The third term of a GP is 10, and the 7th term is 6250. What is the common ratio?
a r^2 = 10
a r^6 = 6250
(10/r^2)r^6 = 6250
r^4 = 625 = 25*25 = 5*5*5*5
so
r = 5
Yes
To find the common ratio (r) of a geometric progression (GP), we need to use the formula:
\[a_n = a_1 \times r^{(n-1)}\]
Where:
- \(a_n\) represents the \(n\)th term of the GP
- \(a_1\) represents the first term of the GP
- \(r\) represents the common ratio
- \(n\) is the position of the term in the GP
Given that the third term (n = 3) is 10 and the seventh term (n = 7) is 6250, we can form two equations using the formula above:
For the third term:
\[10 = a_1 \times r^{(3-1)}\] ---- (Equation 1)
For the seventh term:
\[6250 = a_1 \times r^{(7-1)}\] ---- (Equation 2)
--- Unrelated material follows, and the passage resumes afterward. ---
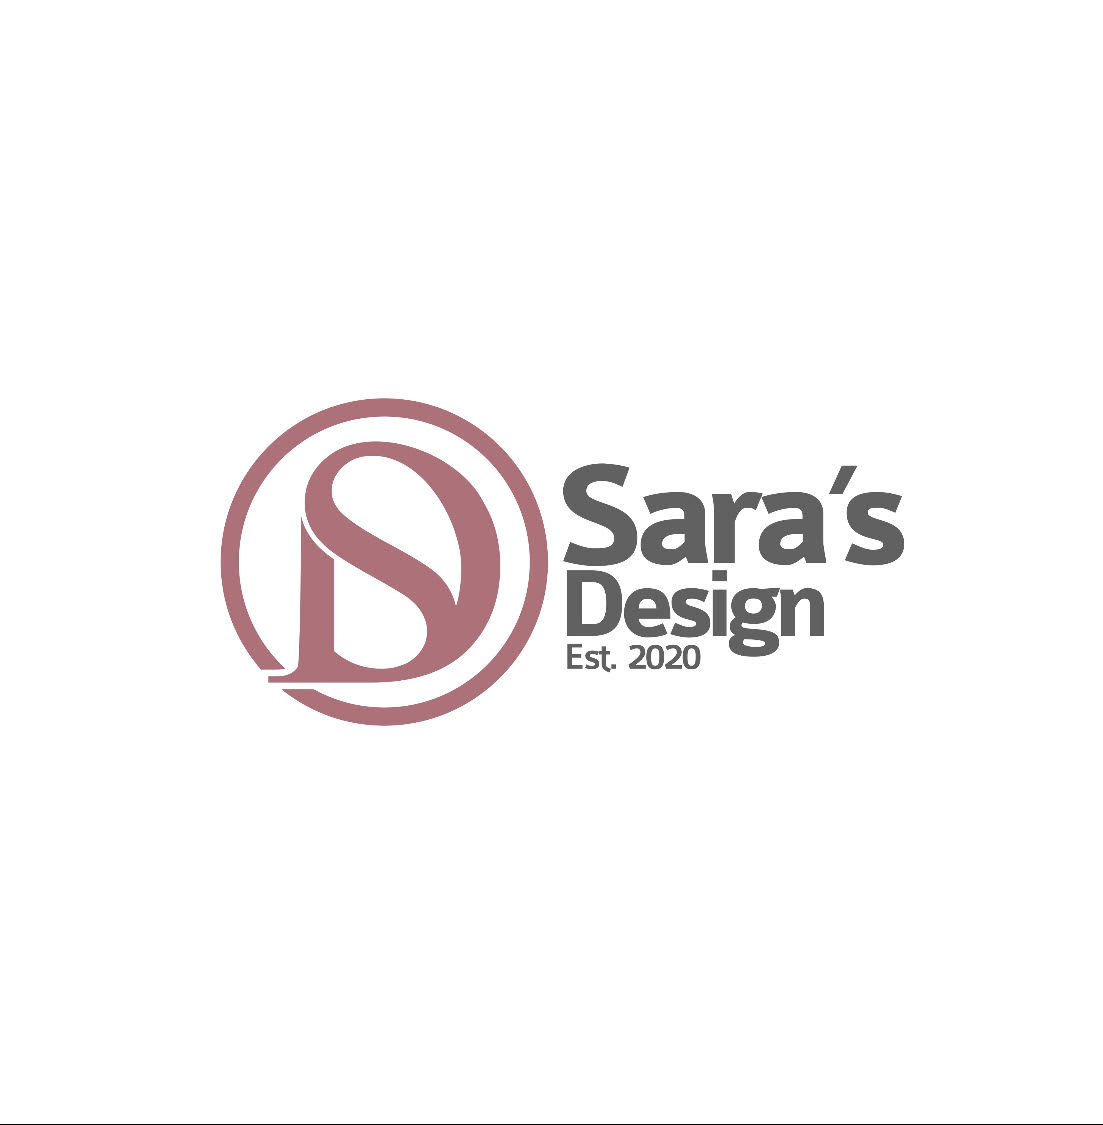 Sara’s Design

To find the value of the common ratio (r), we can divide Equation 2 by Equation 1:
\[\frac{6250}{10} = \frac{a_1 \times r^{(7-1)}}{a_1 \times r^{(3-1)}}\]
Simplifying the equation:
\[625 = r^{(7-3)}\]
\[625 = r^4\]
To find the value of \(r\), we take the fourth root of both sides of the equation:
\[\sqrt[4]{625} = \sqrt[4]{r^4}\]
\[5 = r\]
So, the common ratio (r) is 5.
To find the common ratio (r) of a geometric progression (GP), we need to use the formula for the nth term of a GP:
Tn = a * r^(n-1)
Where:
Tn = nth term of the GP
a = first term of the GP
r = common ratio of the GP
n = position of the term in the GP
Given that the third term is 10, we can substitute the values into the formula as follows:
10 = a * r^(3-1)
10 = a * r^2 ---(Equation 1)
Similarly, the 7th term is given as 6250, so we have:
6250 = a * r^(7-1)
6250 = a * r^6 ---(Equation 2)
Now, we have a system of two equations (Equation 1 and Equation 2) with two unknowns (a and r). We can solve these equations simultaneously to find the values of a and r.
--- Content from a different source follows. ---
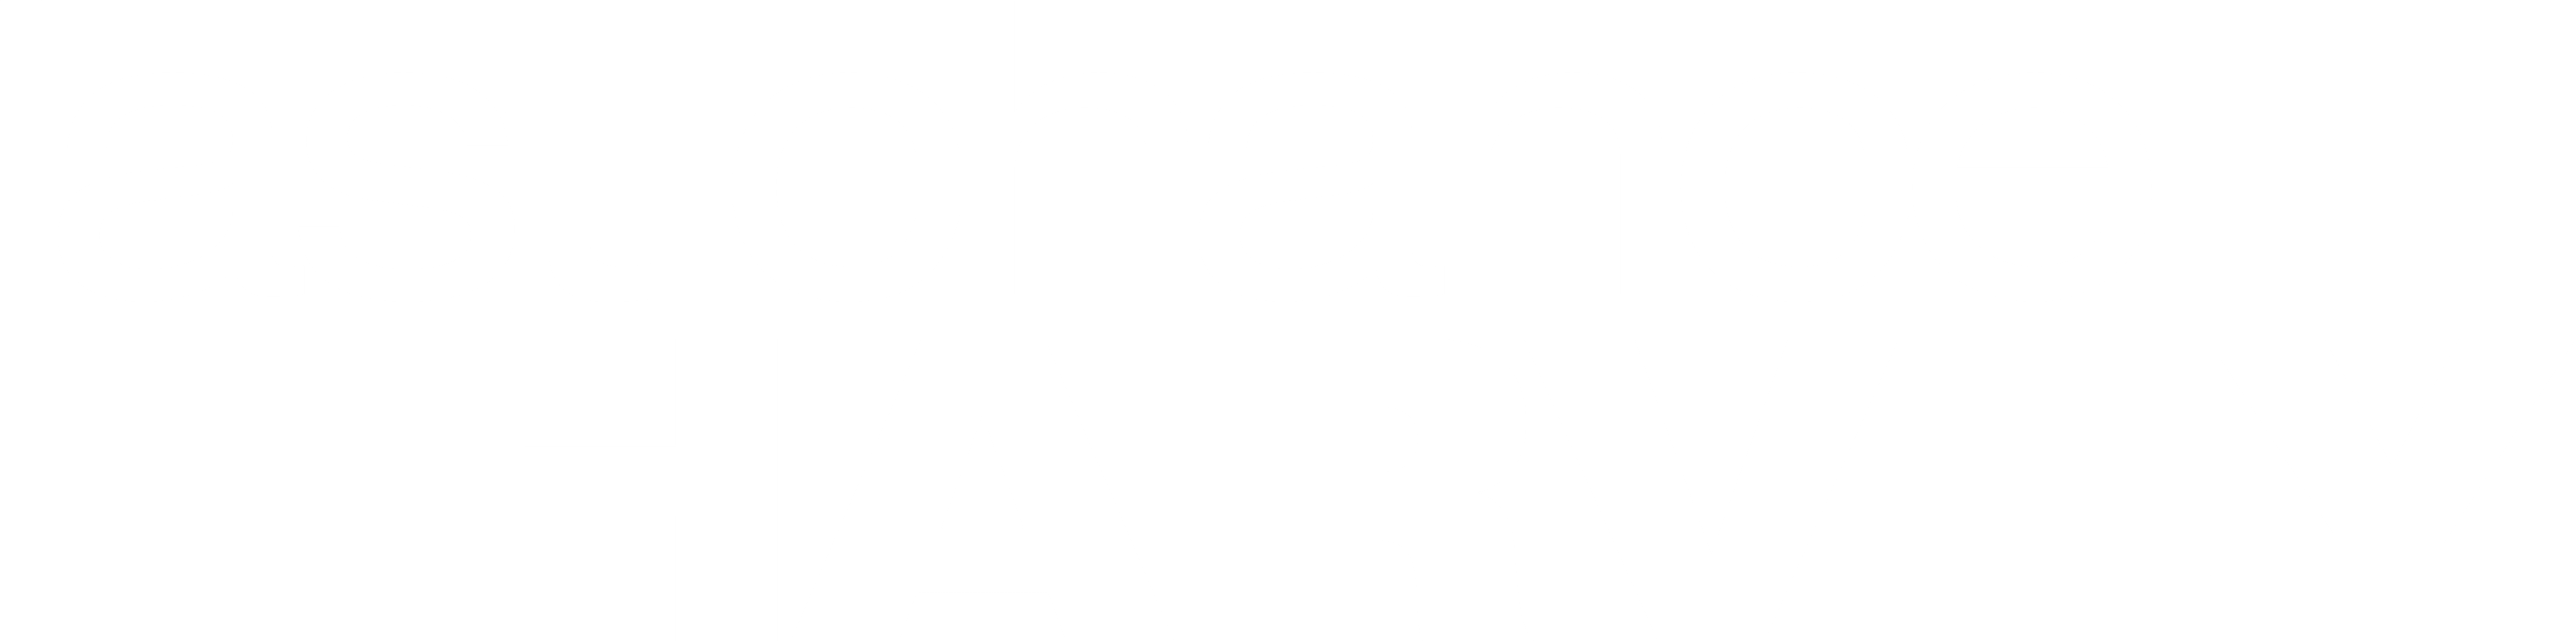 Last Chance Harvey logo

First, we'll take Equation 1 and divide it by Equation 2 to eliminate the 'a' term:
(10 / 6250) = (a * r^2) / (a * r^6)
Simplifying further:
1/625 = 1/r^4
r^4 = 625
To solve for r, we take the fourth root of both sides:
r = ∛(625)
r = 5
Therefore, the common ratio (r) of the geometric progression is 5.